INSTITUT Veolia Environnement

Report n°3: Financial protection of critical infrastructure

Insurance and extreme events

In this context, an analysis of large-scale risks, such as major natural disasters or mass terrorism, must be undertaken in a very special way. The economic and social development of a country or of a region depends on uninterrupted access to essential needs. However, such catastrophic events are capable of inflicting considerable human and financial loss, with irreversible social repercussions, thus significantly curtailing the prospects of sustainable development for the afflicted sectors of activity.

Furthermore, such large-scale risk, or interactions between these various categories of risk, also carry the essential attributes of collective ills, within the meaning of the economic theory of non-rivalry and non-exclusion i.e. everyone is potentially under threat, and the threat for some does not necessarily lessen the threat for others. Finally, such risks impose definite restrictions on insurers because they constitute a potential for very substantial losses which could lead to ruin, and they are highly uncertain and ambiguous (within the meaning of uncertainty and ambiguity in decision theory).

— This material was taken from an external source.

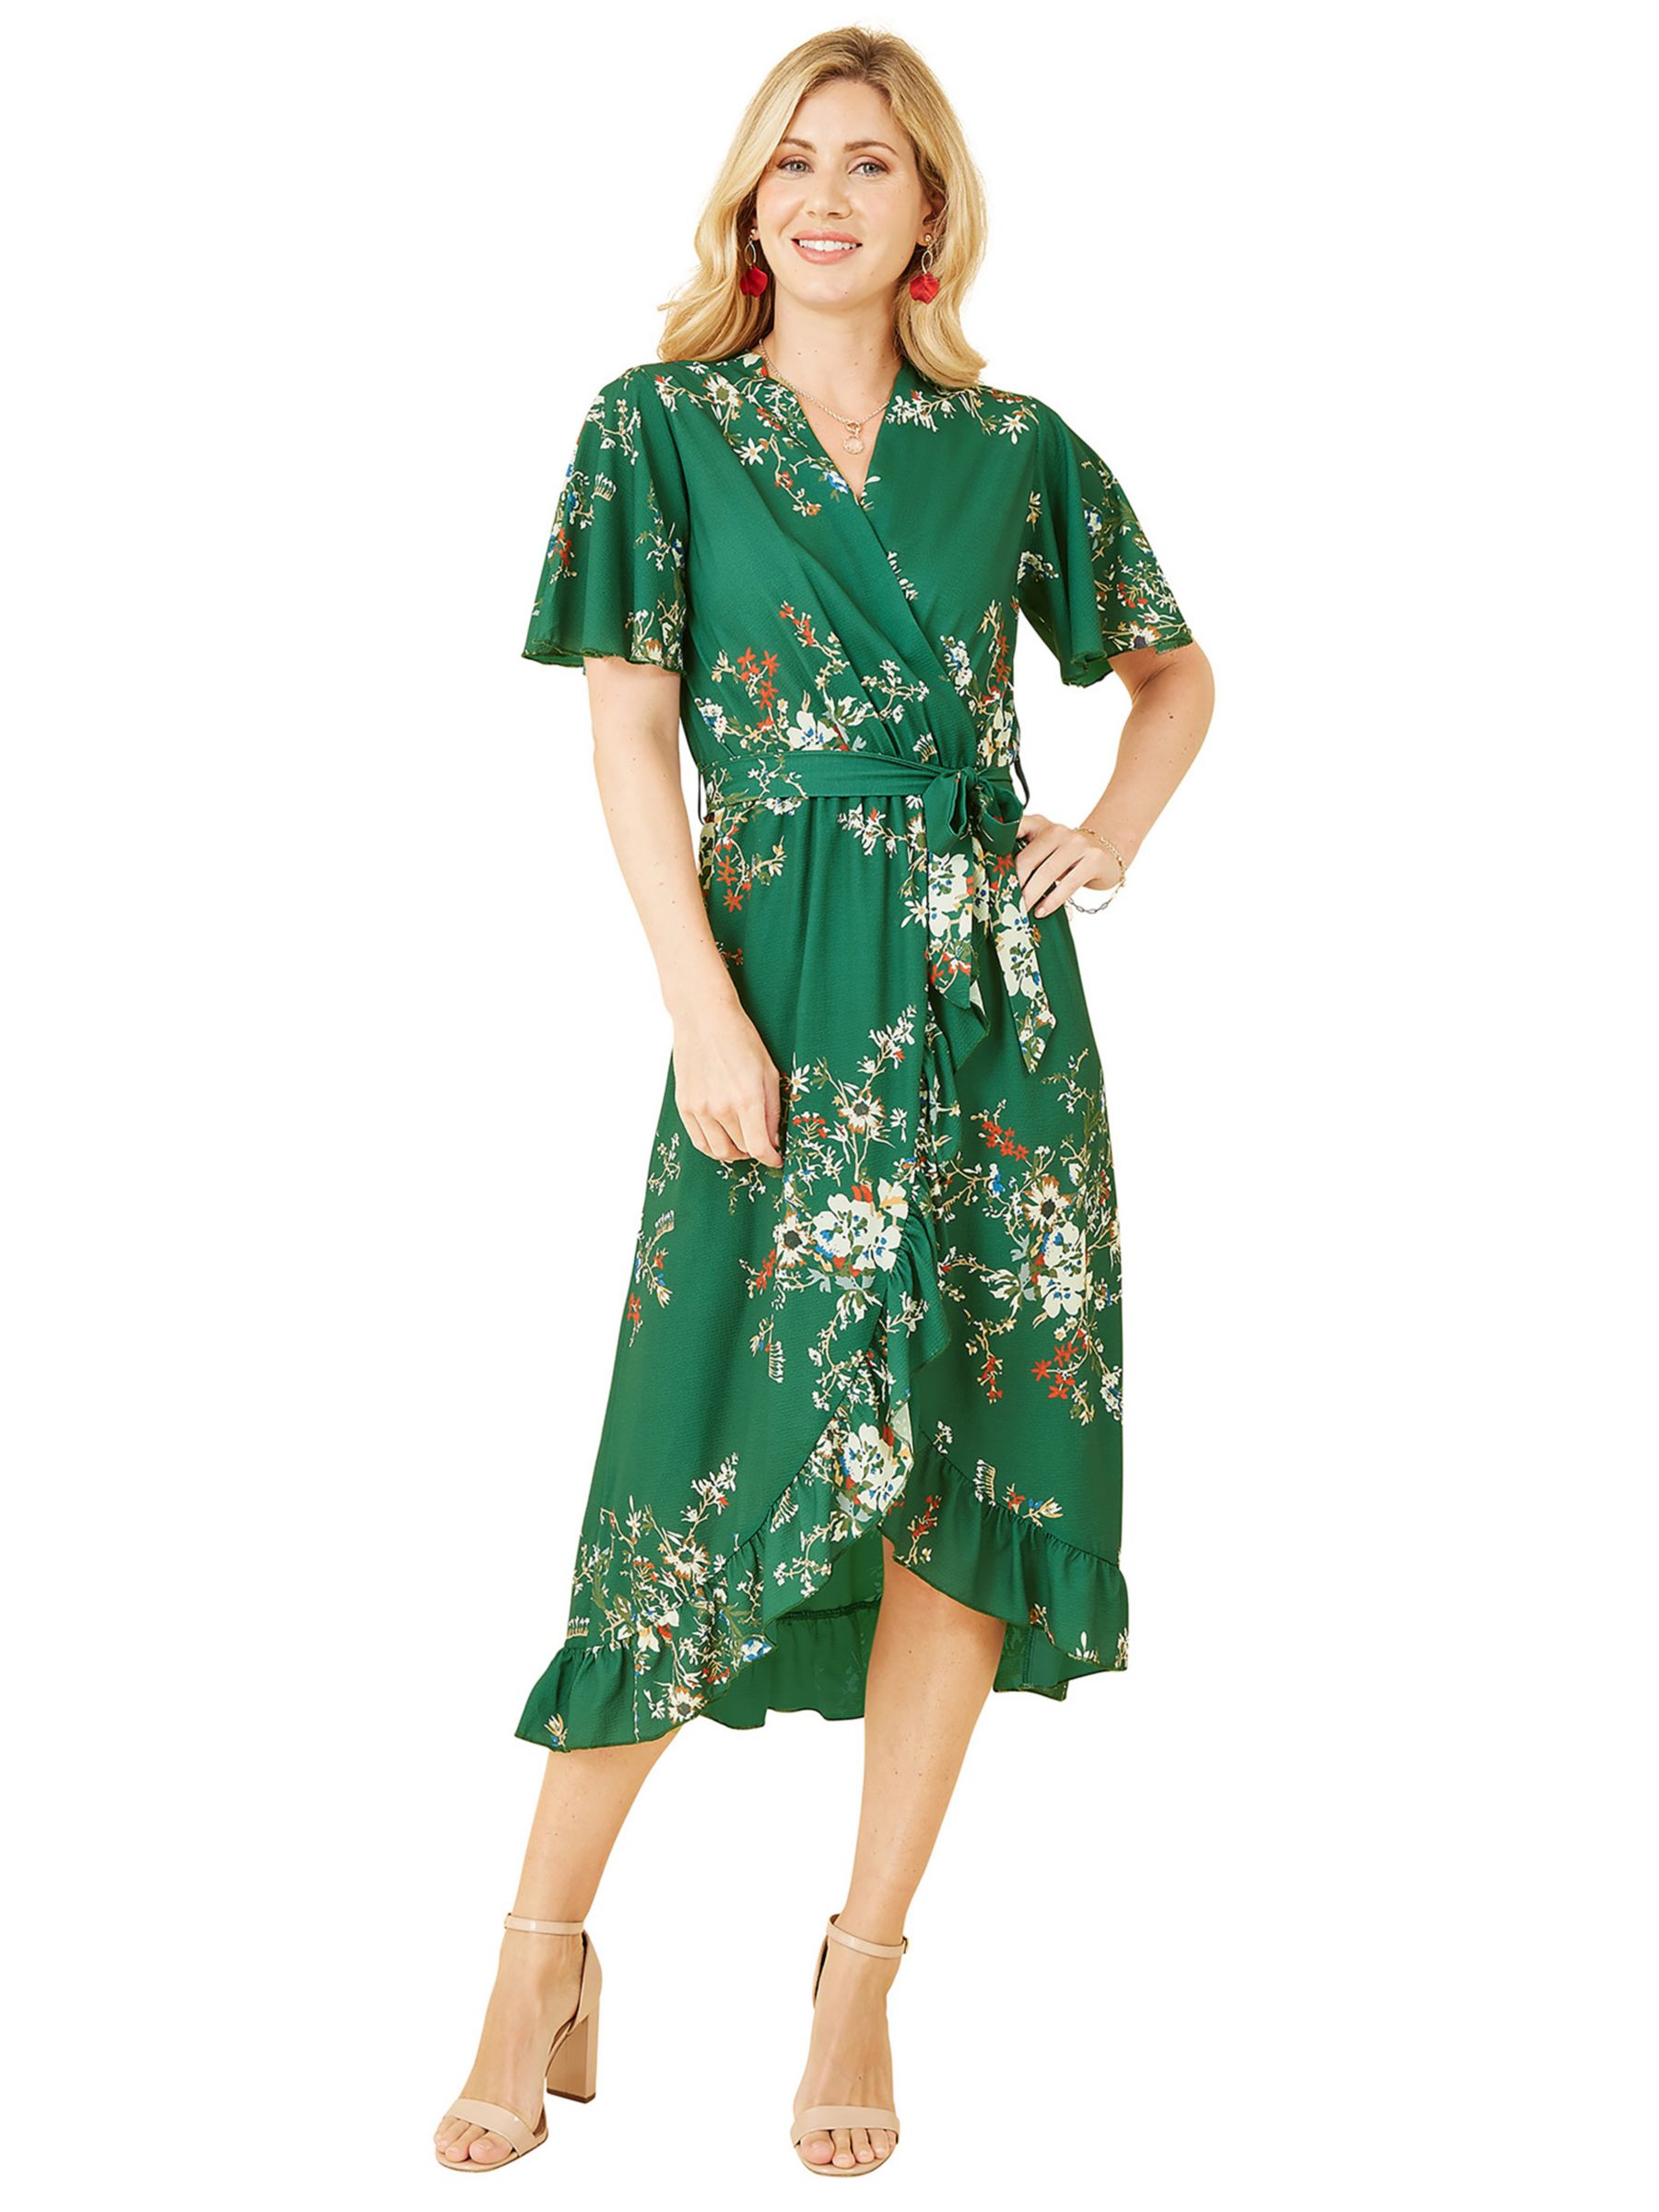 Mela London Floral Print Wrap Midi Dress, Green, 8

For those reasons, the creation and implementation of adequate financial coverage for such events are increasingly a subject for national consideration well beyond the scope of the insurance industry alone(9). It is worth noting that the series of hurricanes which devastated the coast of Florida last August and September caused almost 25 billion dollars' worth of insured amounts, and contributed to making 2004 into the most costly year in the whole history of global insurance and reassurance.

To date, the large-scale attacks on the United States on the morning of September 11, 2001 remains the most costly event in the entire history of the industry. These attacks and later ones, including the events in Madrid on March 11, 2004, have served to highlight several essential issues regarding the insurability of catastrophic risk. An analysis of terrorism as part of the problem of "Protection of critical infrastructures" shows that terrorism is now a recognized source of acute risks(10), those which are closest to the outer limit of insurability. And this is true, we believe, to an extent which no other risk raises.

It therefore seemed pertinent, in the framework of the research supported by the Ecole Polytechnique's Chair on Sustainable Development, to further analyze the issue of uncertainty and insurability through the emblematic example of large-scale terrorism.

The 2001 terrorist attacks were unprecedented in a country at peace: first of all by the number of deaths to be deplored following the collapse of the twin towers of the World Trade Center, the aircraft crashes onto the Pentagon and in Pennsylvania, and fatalities within the ranks of the emergency services, altogether more than three thousand dead. Unprecedented also because the targets were not only public properties representing governmental power or public security (the Pentagon, airspace), but also private property destroyed by private commercial aircraft. In view of the impact of such attacks of a new kind, the act of terrorism - in a multiplicity of possible forms - has become a new source of "large-scale damage".

These events have had a very singular resonance effect and have raised a multitude of questions as regards the nature of terrorism today, the responsibility of governments to guarantee the security of their citizens, the impact of their foreign policies, inter alia. More specifically, and focusing on the subject of this paper, they have also highlighted the issue of the financial liability of governments and of the private sector to guarantee compensation for victims (personal and corporate), and thereby the social and economic continuity of the country. The question of financing the consequences of such events - and therefore of ex ante risk-sharing - then emerges as a central issue, and we shall focus our analysis of terrorism on that aspect.

(9) Let us take note here of a crucial point. Insurance is no more than one type of financial instrument that a company can use to ensure coverage; there are others such as self-insurance, debt emission, or equity issue. (Doherty, 2000).

(10) The notion of "acute risks" complements the notion of "diffuse risk"; the latter may appear effectively over a fairly long period of time, sometimes several years (pollution of air or of the soil, physical exposure to certain types of asbestos, or so-called "development" risks).